(Dataset content)

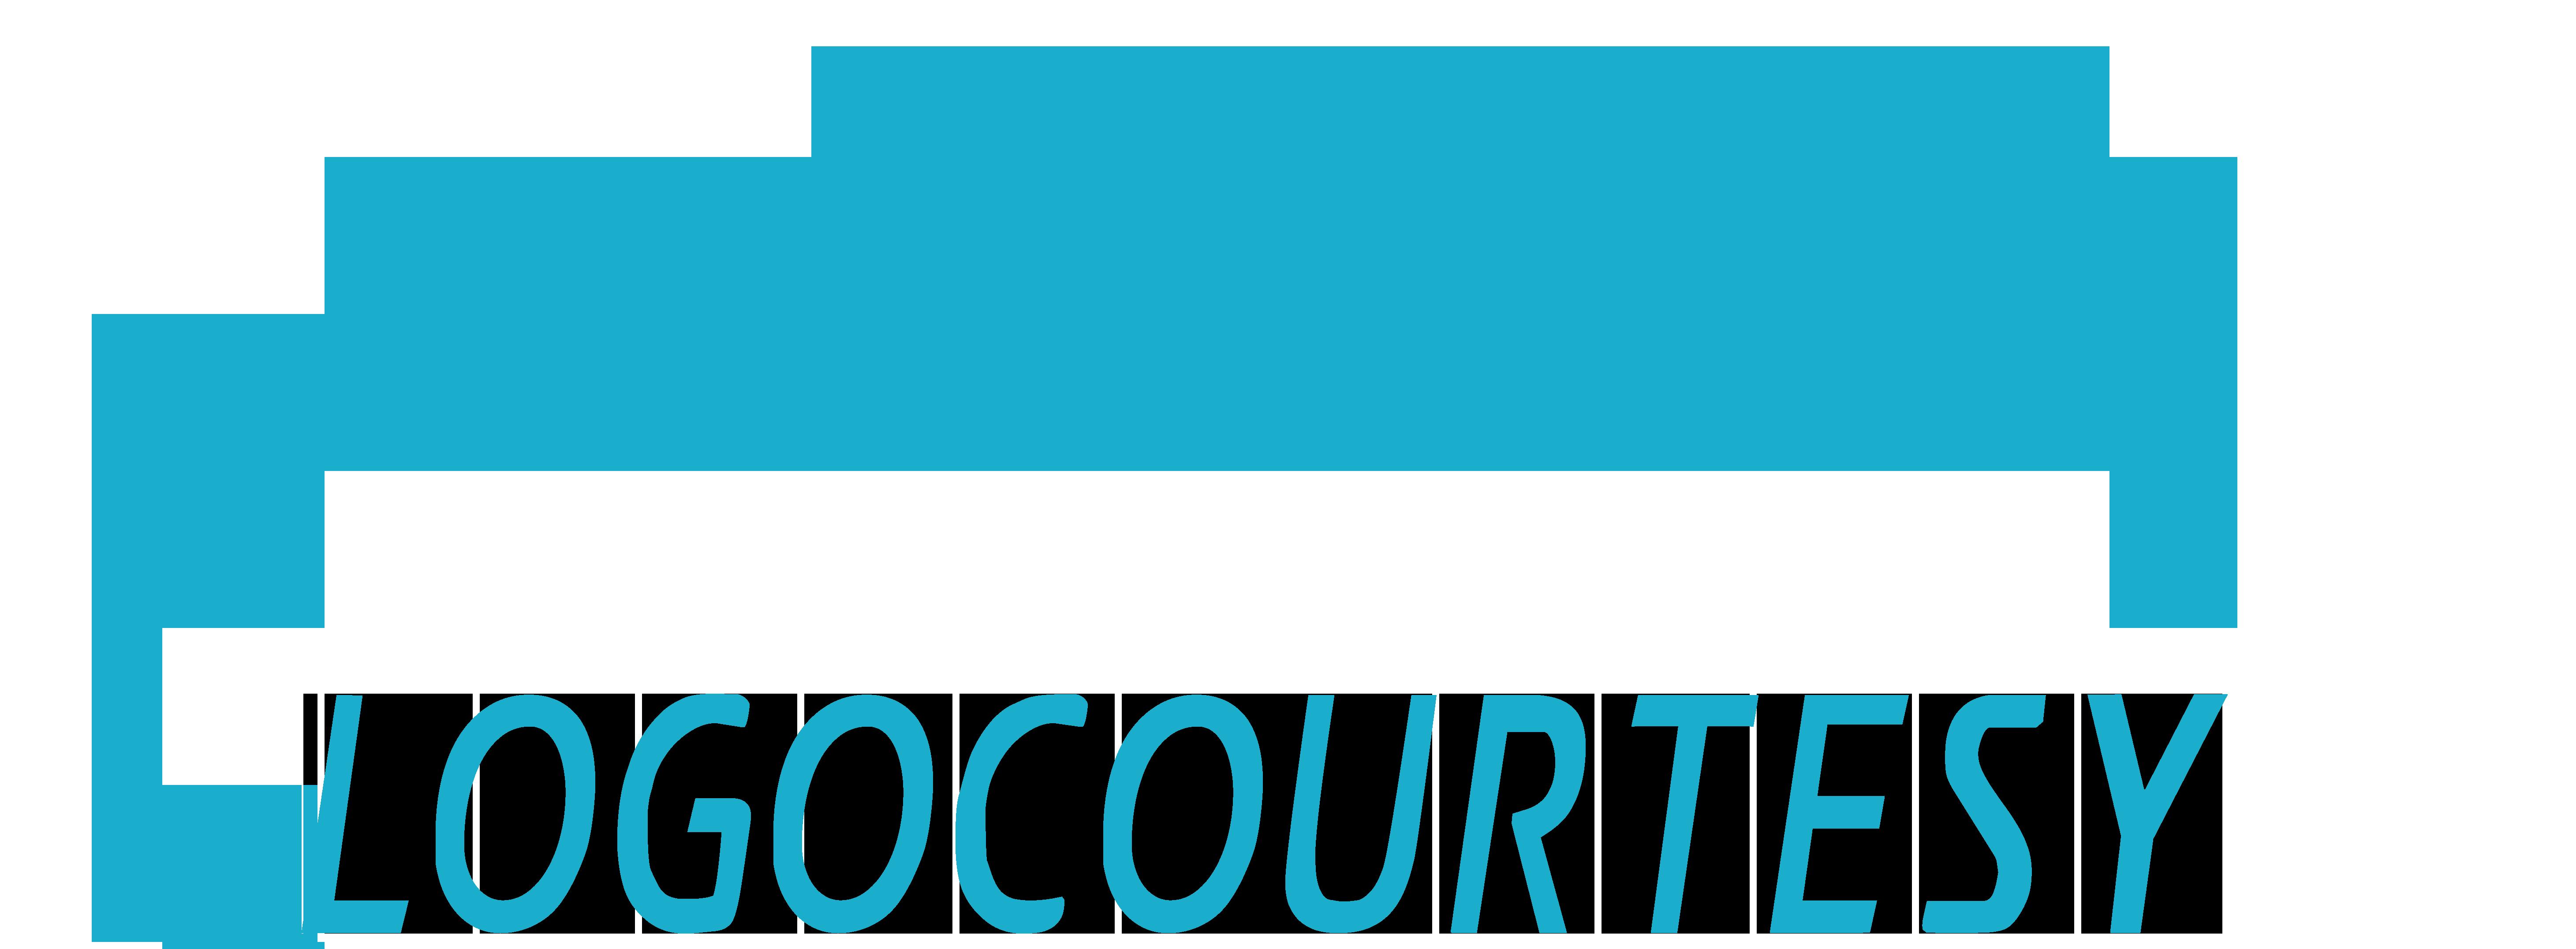 logocourtesy
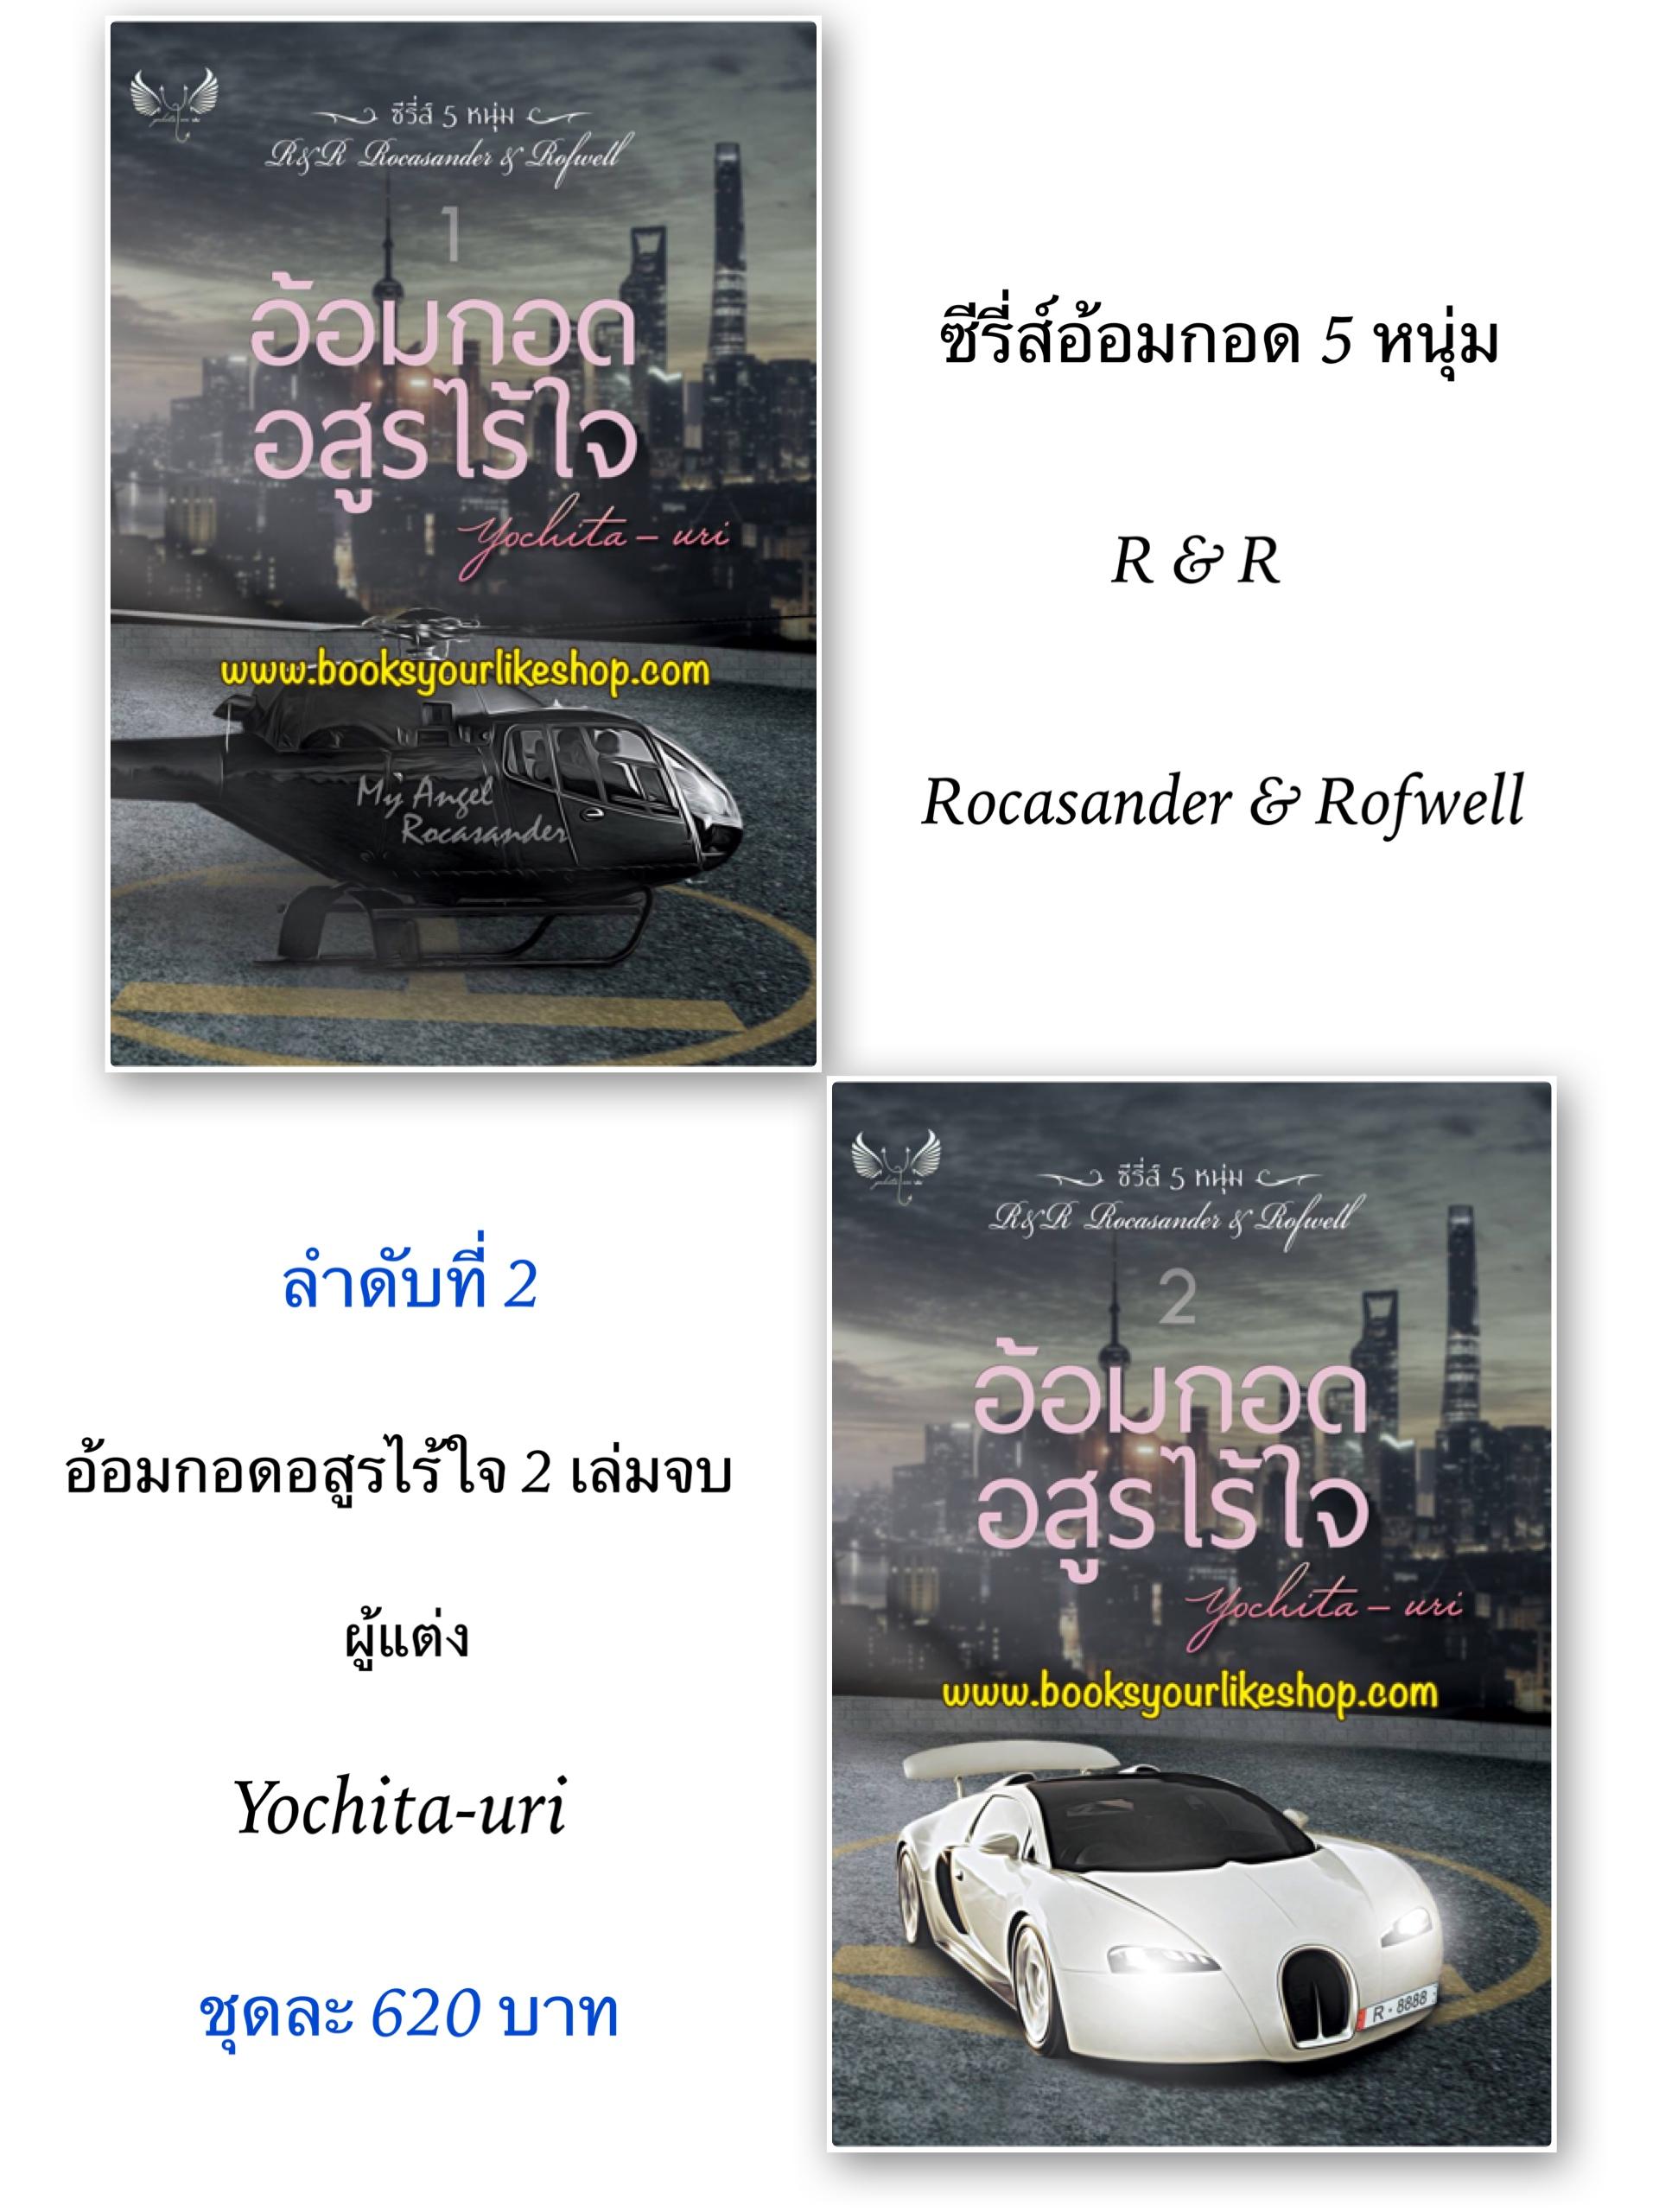 โปรส่งฟรีอ้อมกอดอสูรไร้ใจ 2 เล่มจบซีรี่ส์อ้อมกอด R&R / Yochita-uri โยชิตะยูริ ใหม่ทำมือ
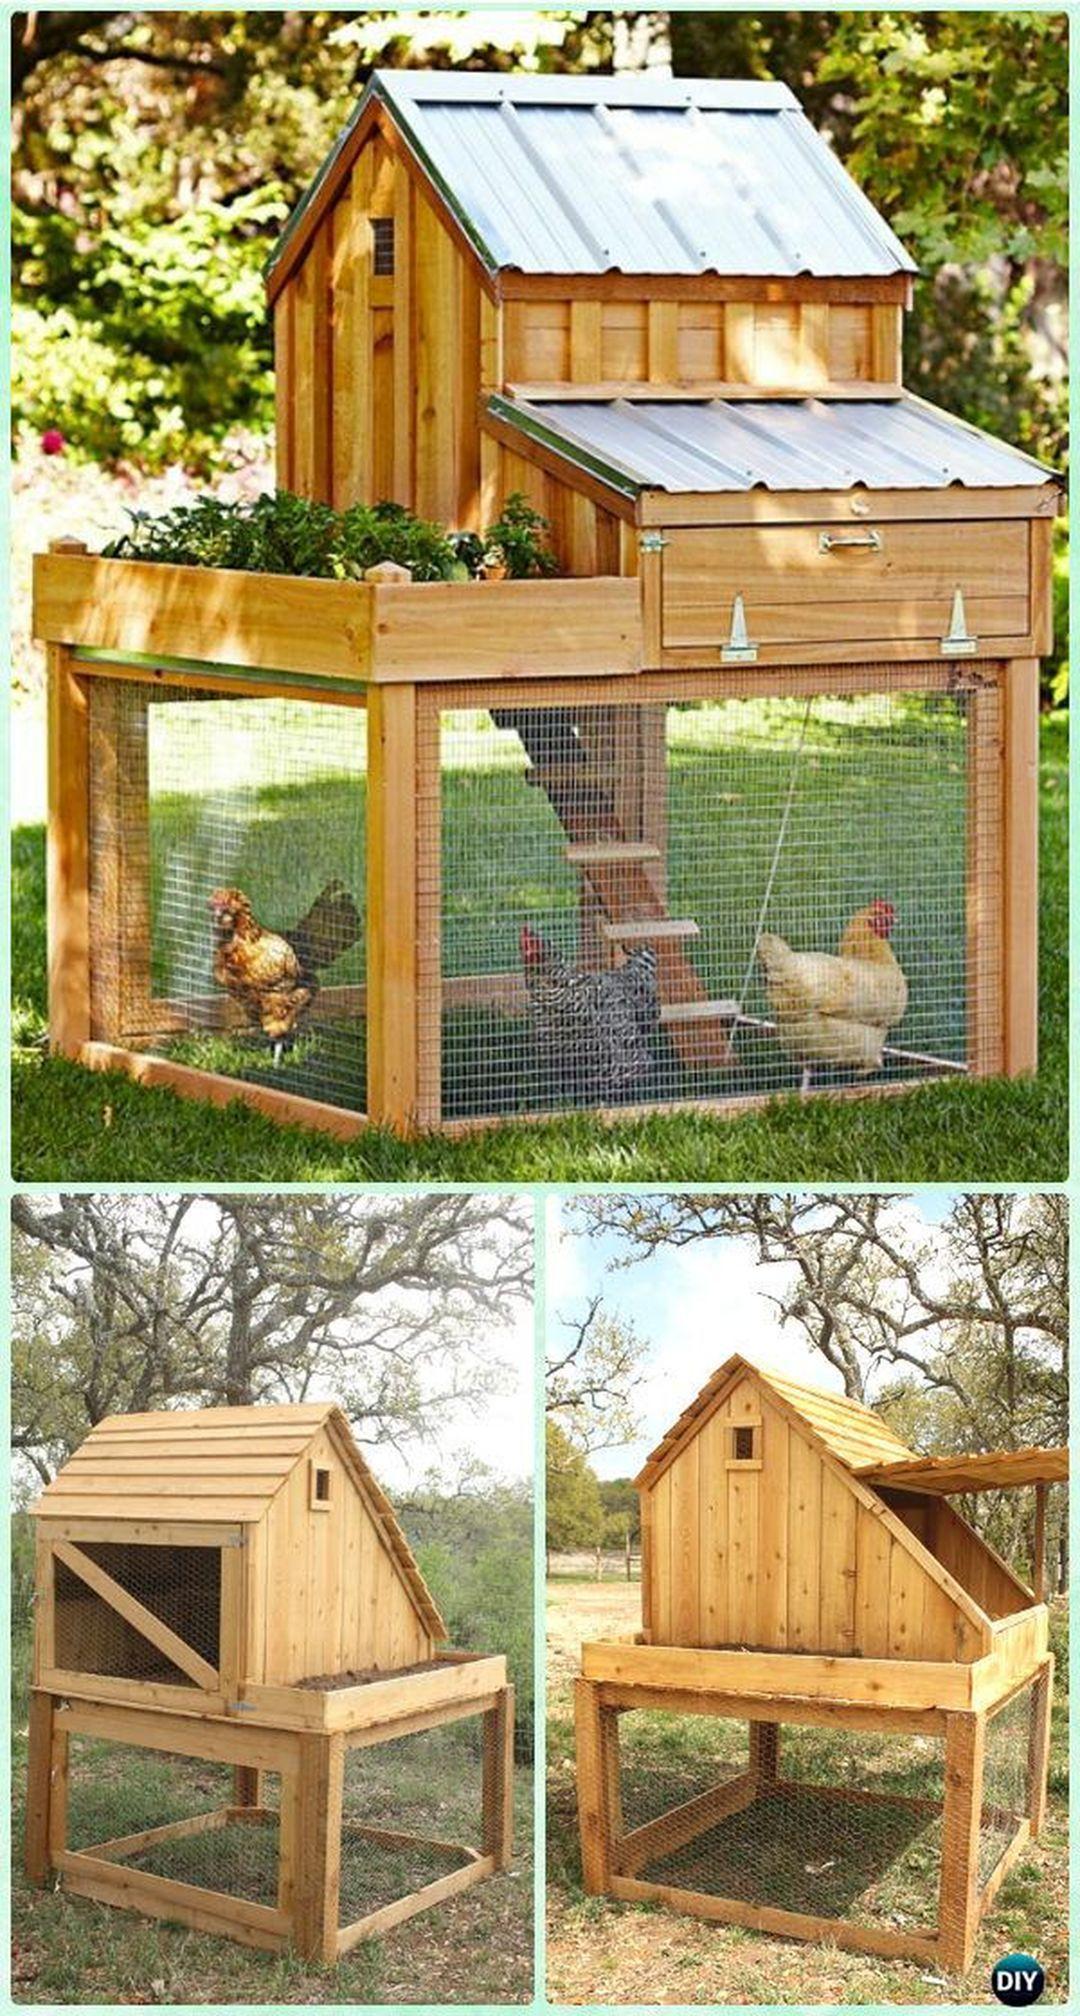 25 Attractive Low Budget Diy Chicken Coop Design Ideas Decor It S Diy Chicken Coop Plans Diy Chicken Coop Small Chicken Coops Small backyard chicken coop designs

(End Dataset content)

An exact retyping of the material, minus the pictures, is the required answer.

 logocourtesy
 โปรส่งฟรีอ้อมกอดอสูรไร้ใจ 2 เล่มจบซีรี่ส์อ้อมกอด R&R / Yochita-uri โยชิตะยูริ ใหม่ทำมือ
 25 Attractive Low Budget Diy Chicken Coop Design Ideas Decor It S Diy Chicken Coop Plans Diy Chicken Coop Small Chicken Coops Small backyard chicken coop designs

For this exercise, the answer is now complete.